On
their right was a Paris regiment made up mostly of short, but
thick-chested men, all very dark. Its numbers were only one-third what
they had been a week before, and its colonel was Pierre Louis
Bougainville, late Apache, late of the Butte Montmartre. All the
colonels, majors and captains of this regiment had been killed and he
now led it, earning his promotion by the divine right of genius. He, at
least, could look into his knapsack and see there the shadow of a
marshal's baton, a shadow that might grow more material.
John watched him and he wondered at this transformation of a rat of
Montmartre into a man.

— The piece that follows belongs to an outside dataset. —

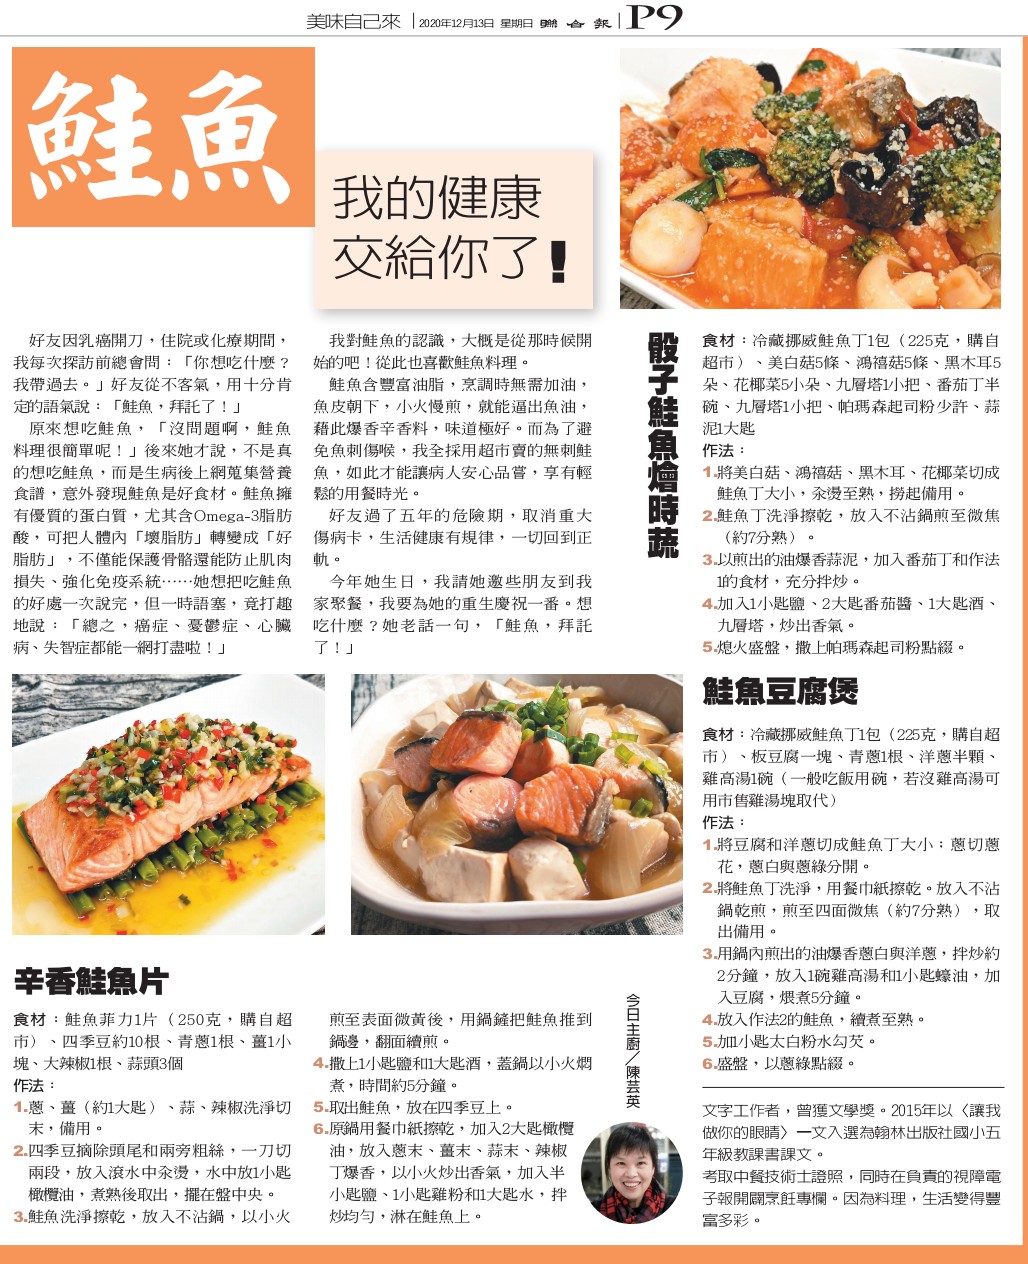 聯合報週日推出的「元氣週報」，介紹了三道我做的「鮭魚料理」。

And yet there had been many such transformations
in the French Revolution. What had happened once could always happen
again. Napoleon himself had been the son of a poor little lawyer in a
distant and half-savage island, not even French in blood, but an Italian
and an alien.
Crash! Another shell burst near, and told him to quit thinking of old
times and attend to the business before him. The past had nothing more
mighty than the present. The speed of the Strangers was increased a
little, and the French regiments on either side kept pace with them.
More shells fell. They came, shrieking through the air like hideous
birds of remote ages. Some passed entirely over the advancing troops,
but one fell among the French on John's right, and the column opening
out, passed shudderingly around the spot where death had struck.